**Exercise requirements:** Please transcribe the lines below exactly, and leave every image behind.

**Dataset section:**
- Opening Delimiter -

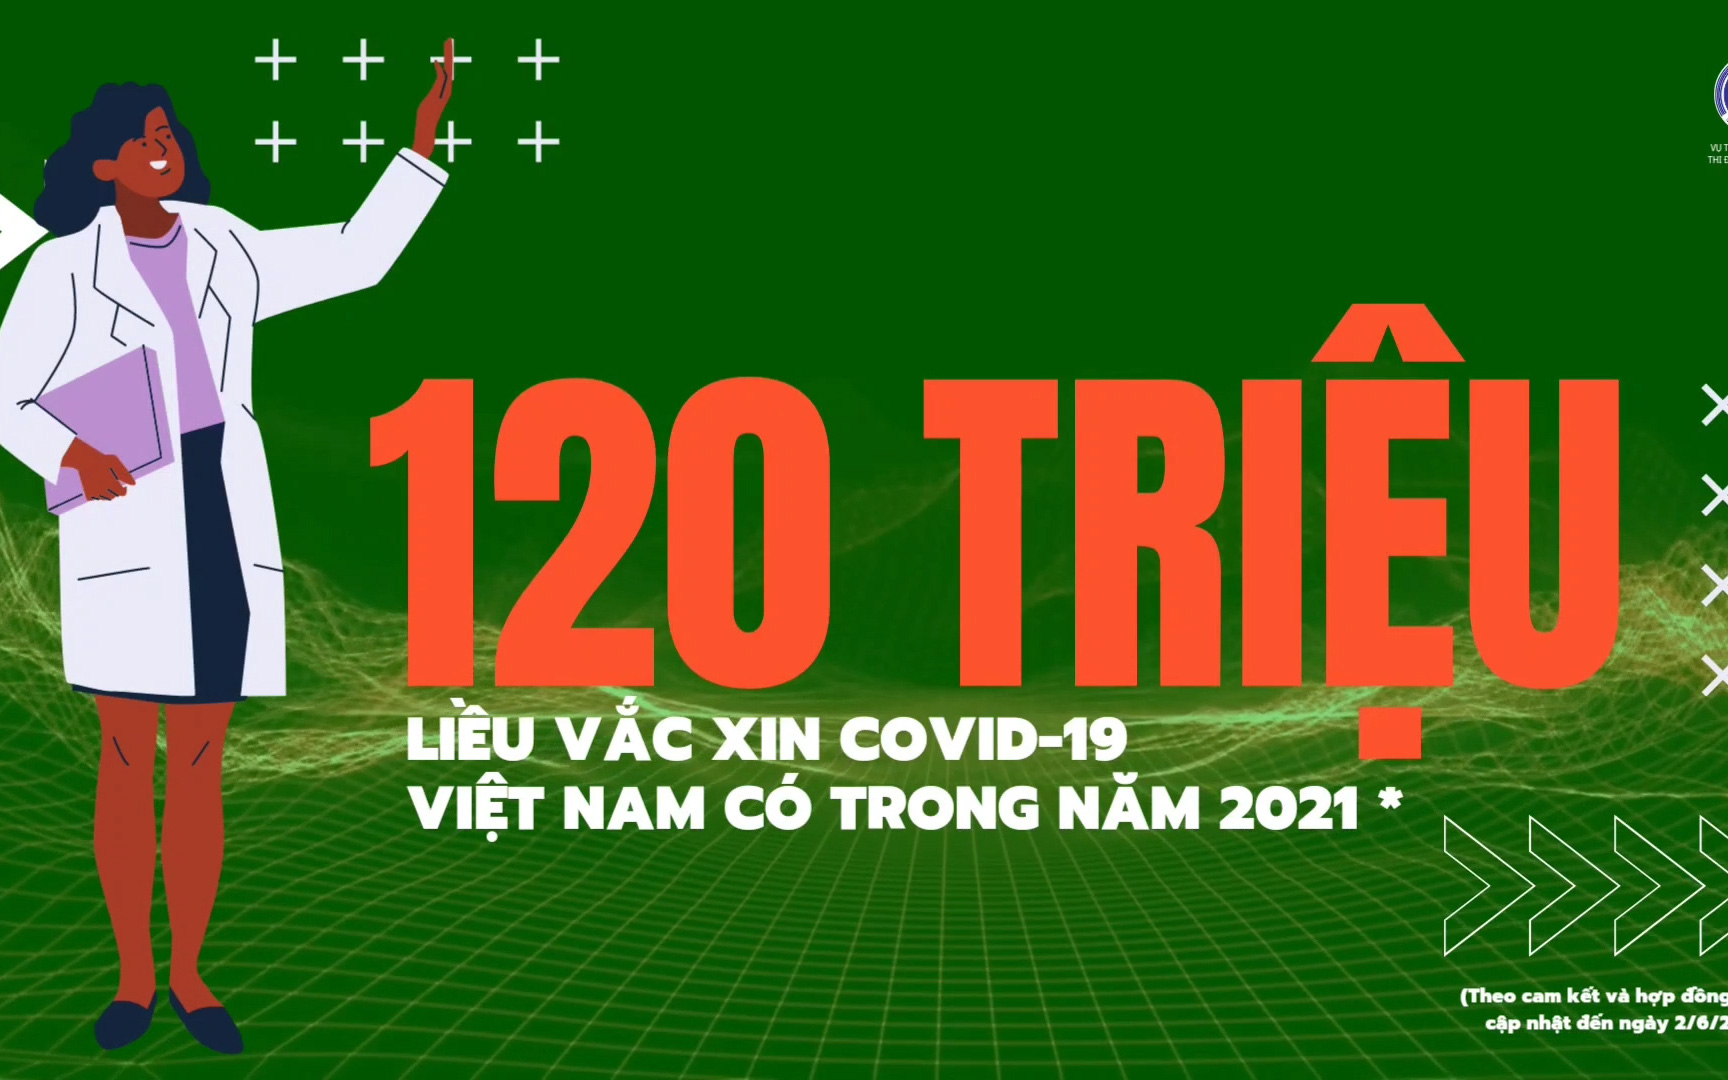 Thông tin từ Bộ Y tế ngày 9/6: Hơn 120 triệu liều vắc xin phòng Covid-19 cho Việt Nam trong năm 2021
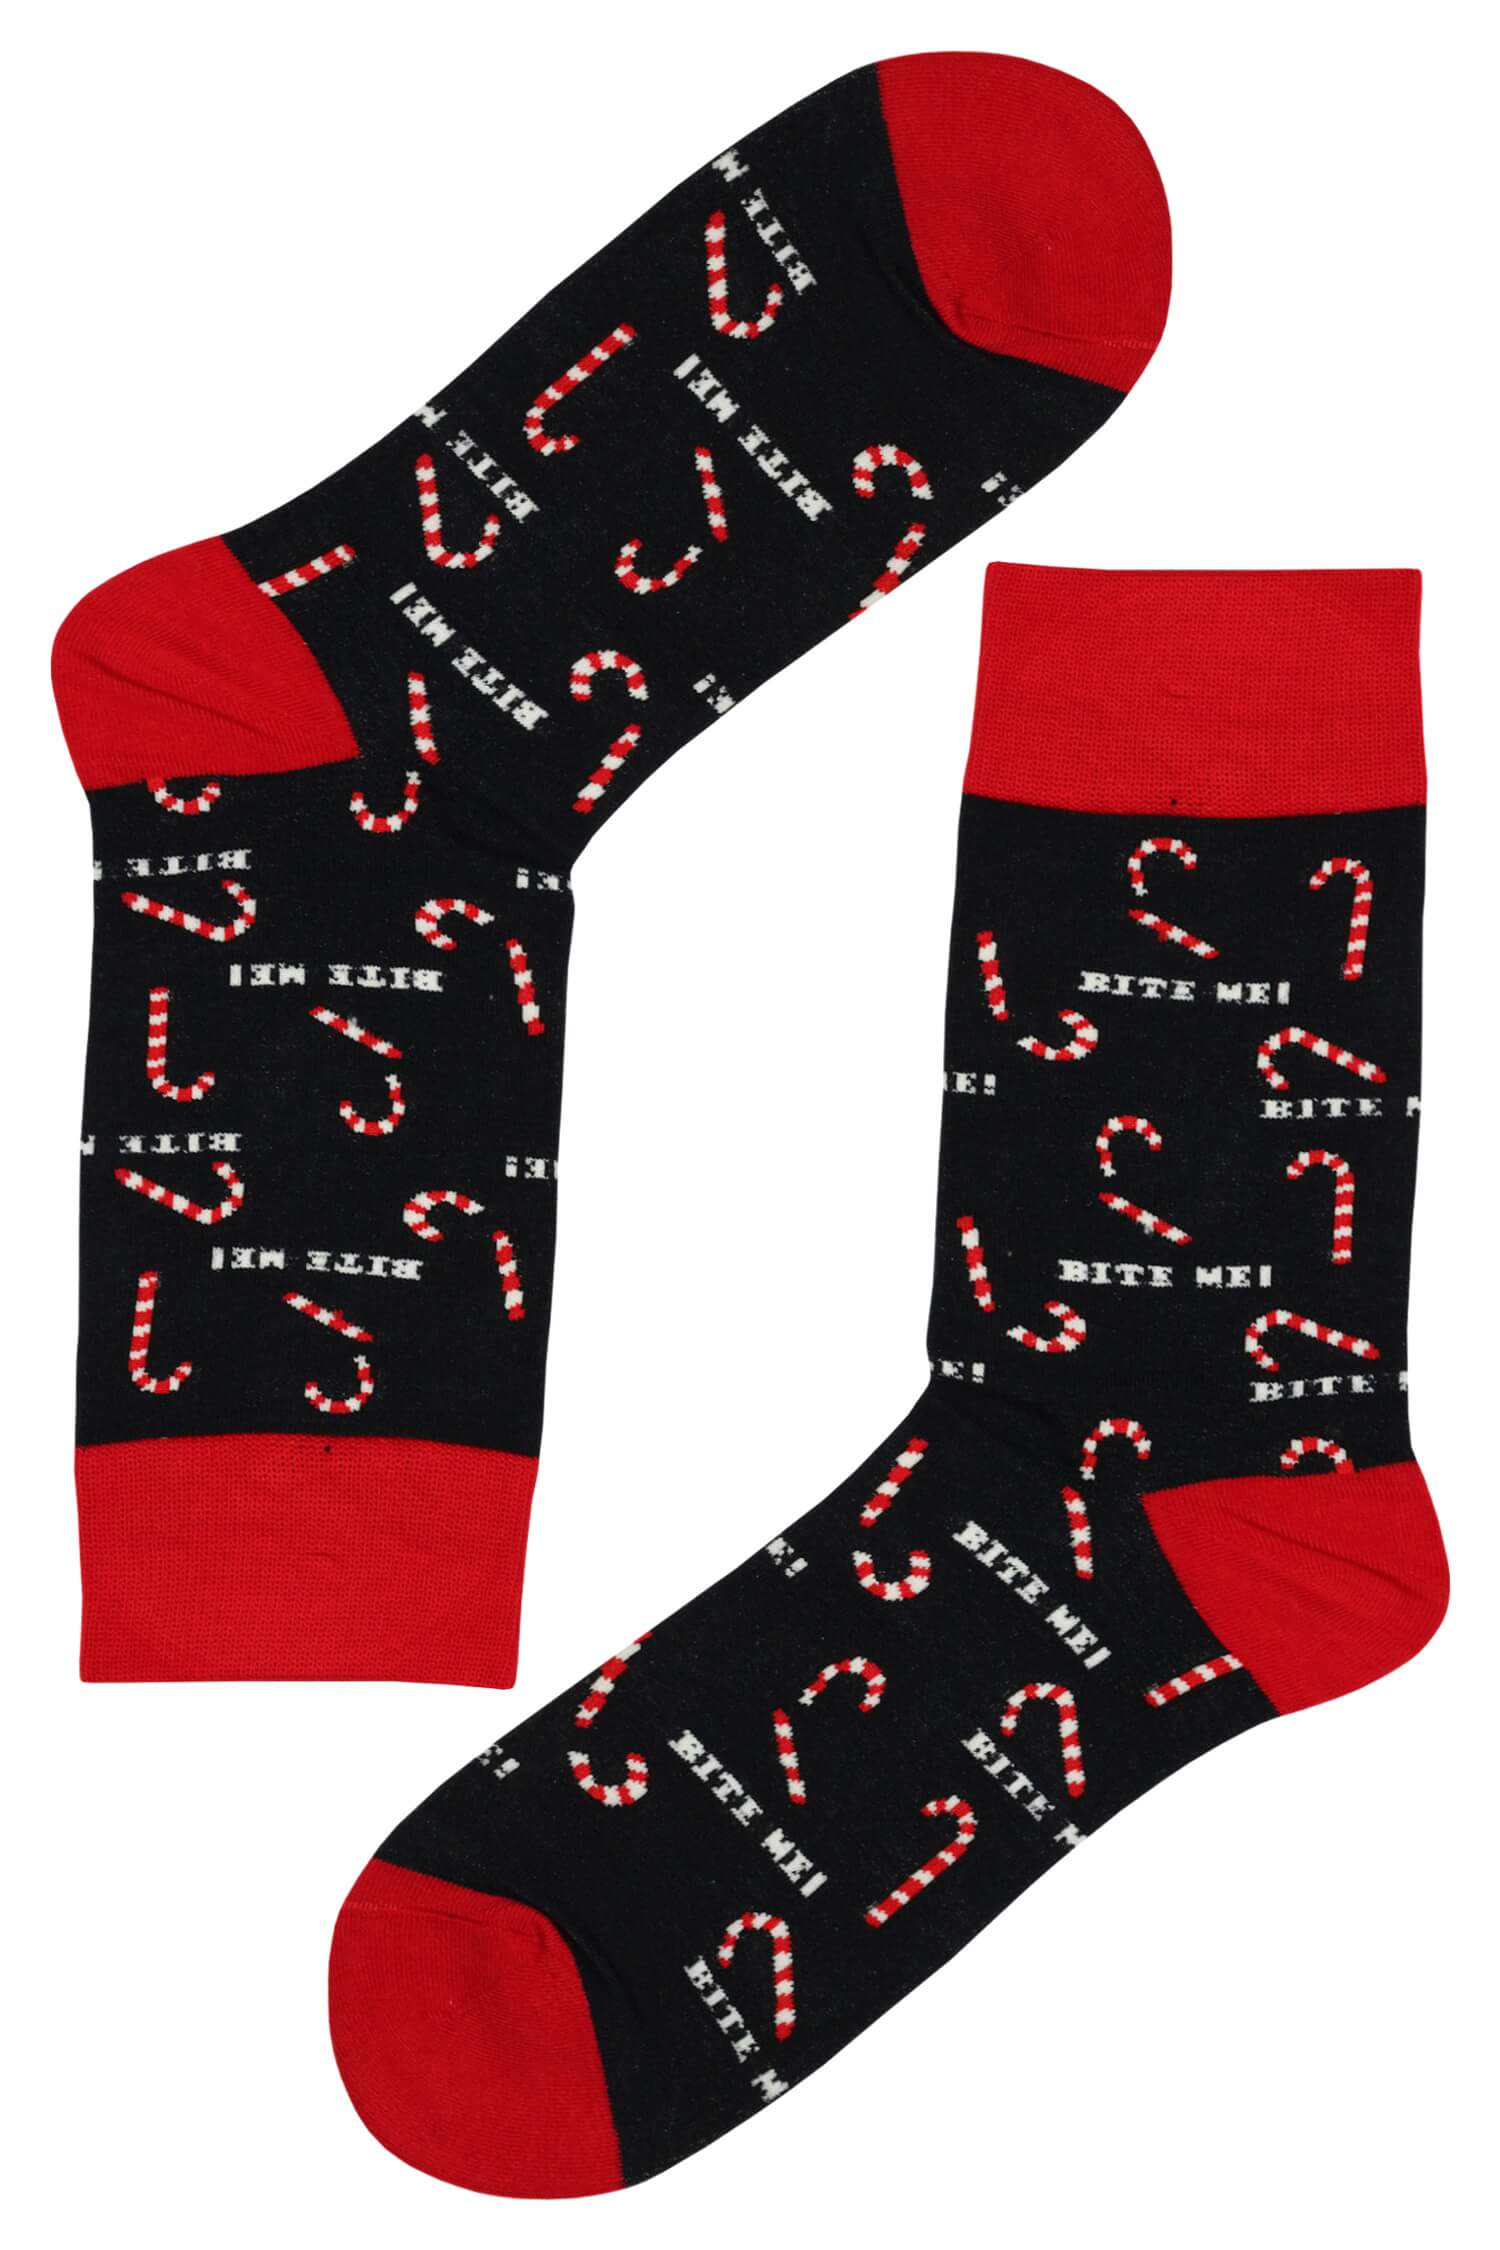 Pánské vánoční ponožky Vánoční hole 39-42 tmavě modrá
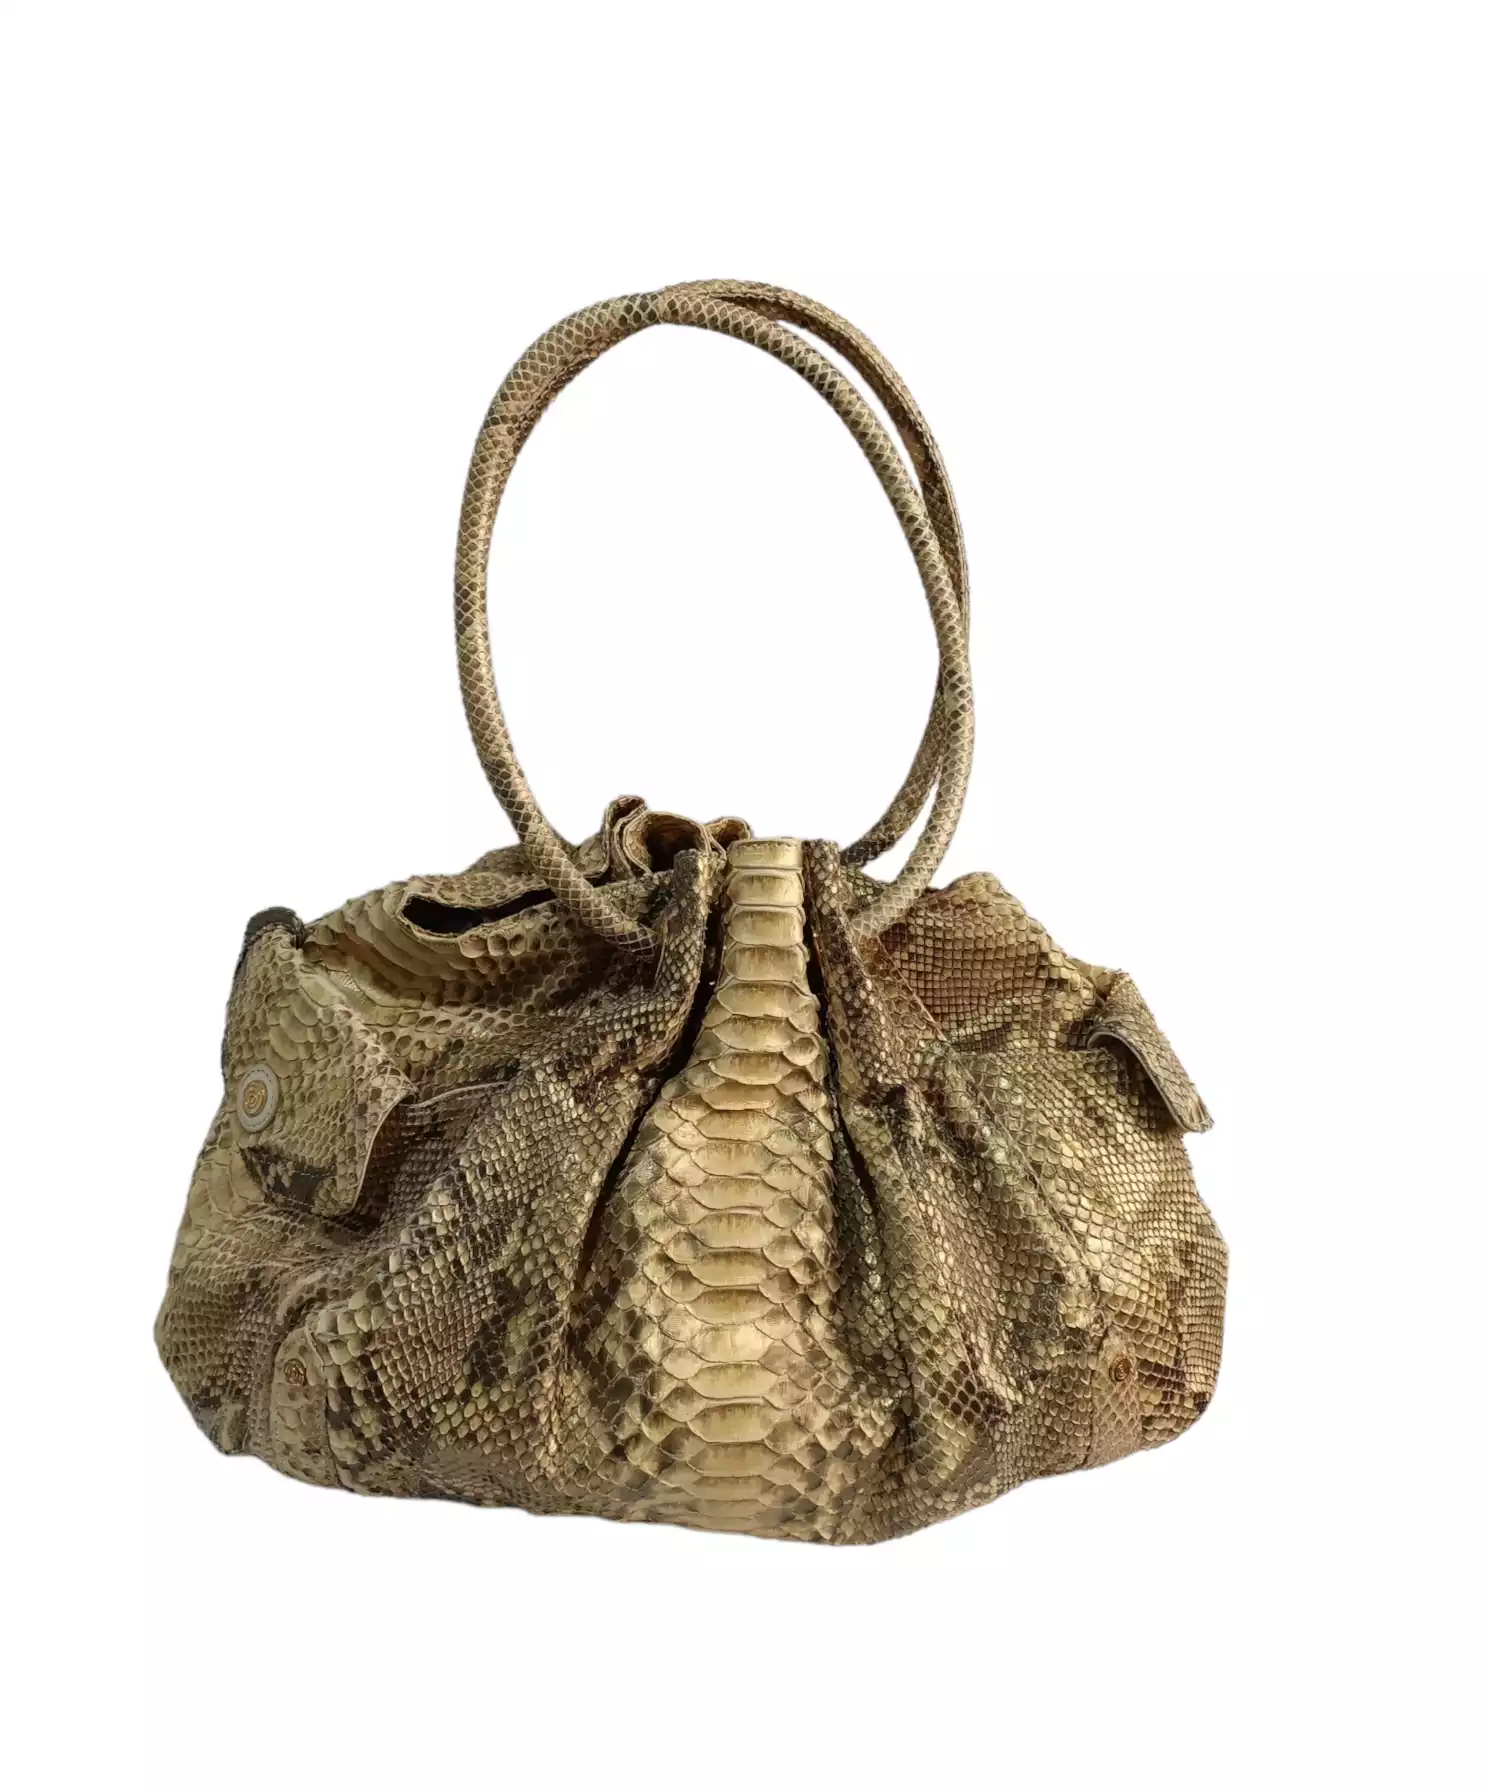 Handbag by Chiocciola

- Closing Delimiter -

**Output for this task:**
 Thông tin từ Bộ Y tế ngày 9/6: Hơn 120 triệu liều vắc xin phòng Covid-19 cho Việt Nam trong năm 2021
 Pánské vánoční ponožky Vánoční hole 39-42 tmavě modrá
 Handbag by Chiocciola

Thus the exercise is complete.